=== EXERCISE AIM ===
Copy the data exactly. Images are the one exception.

[Opening SOURCE MATERIAL section]

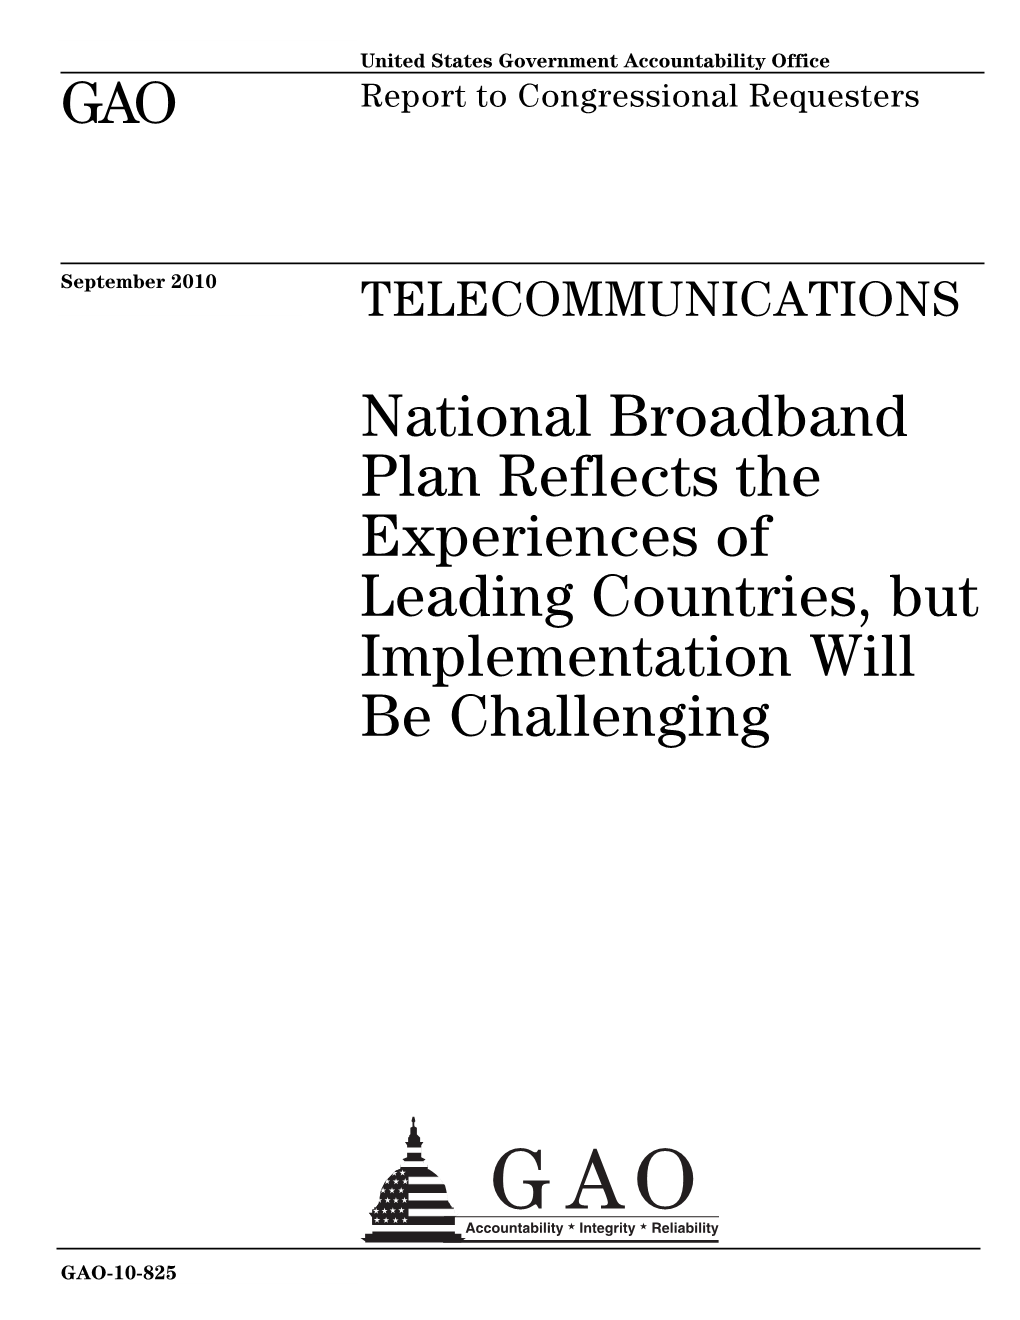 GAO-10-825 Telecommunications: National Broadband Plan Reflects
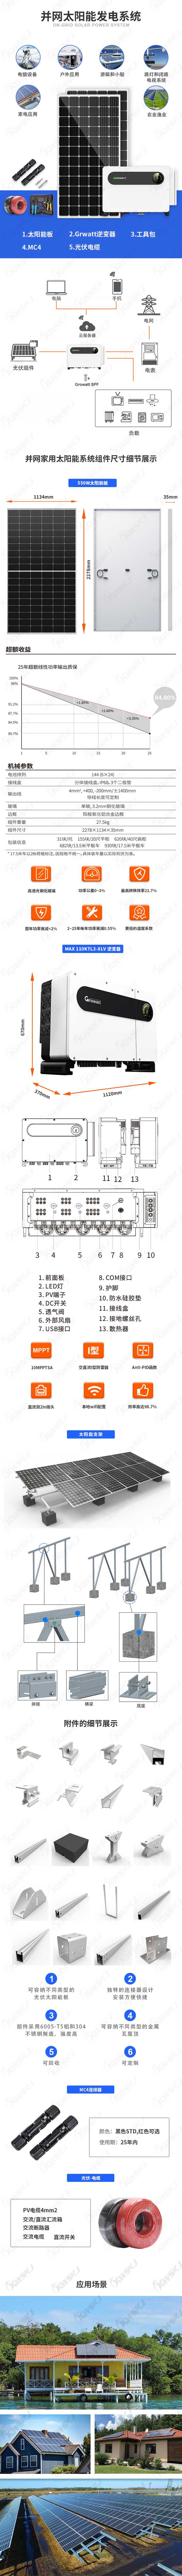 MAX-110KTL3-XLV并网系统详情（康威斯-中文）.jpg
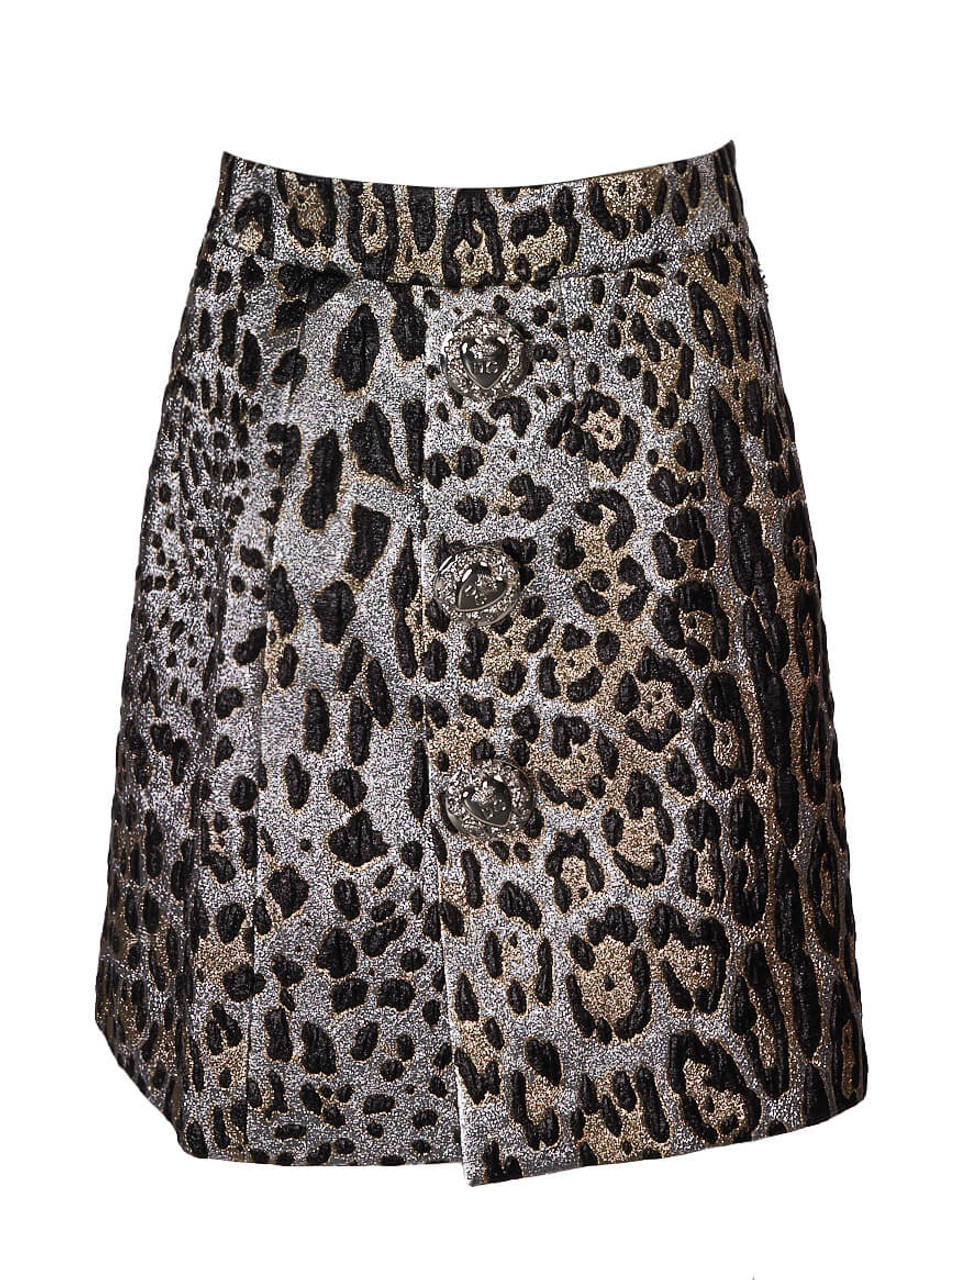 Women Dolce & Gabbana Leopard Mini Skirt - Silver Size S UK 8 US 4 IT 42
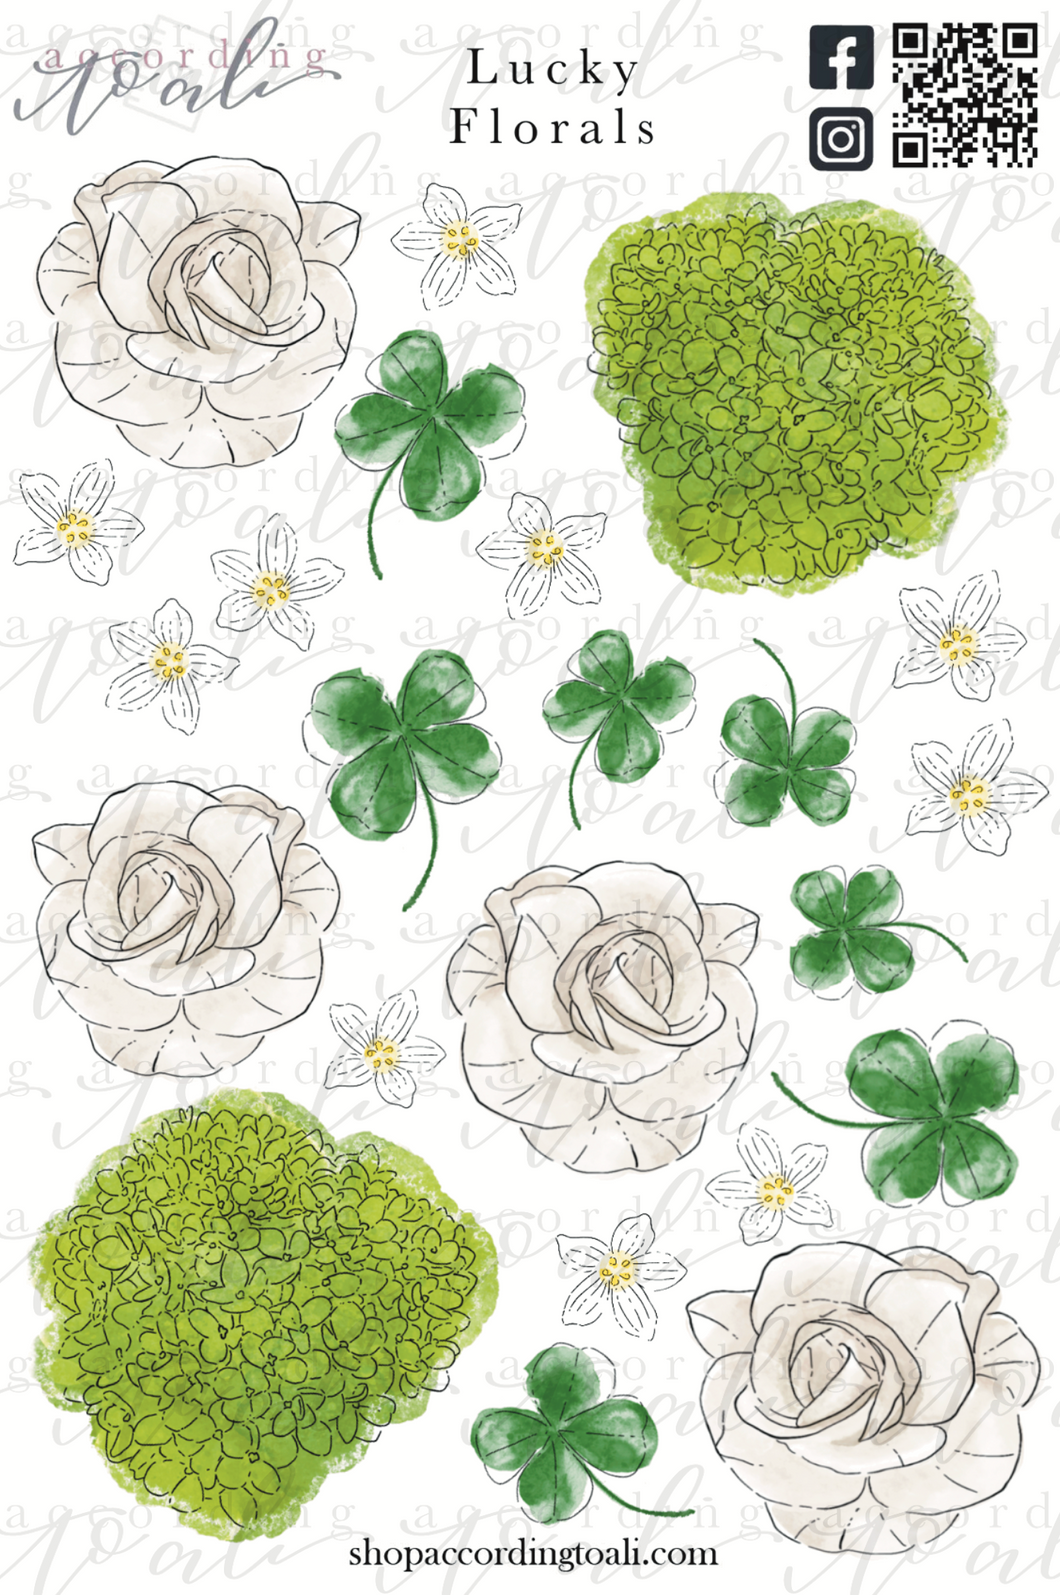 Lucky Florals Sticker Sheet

[Closing SOURCE MATERIAL section]

=== SOLUTION TO THIS EXERCISE ===
 GAO-10-825 Telecommunications: National Broadband Plan Reflects
 MAX-110KTL3-XLV并网系统详情（康威斯-中文）.jpg
 Women Dolce & Gabbana Leopard Mini Skirt - Silver Size S UK 8 US 4 IT 42
 Lucky Florals Sticker Sheet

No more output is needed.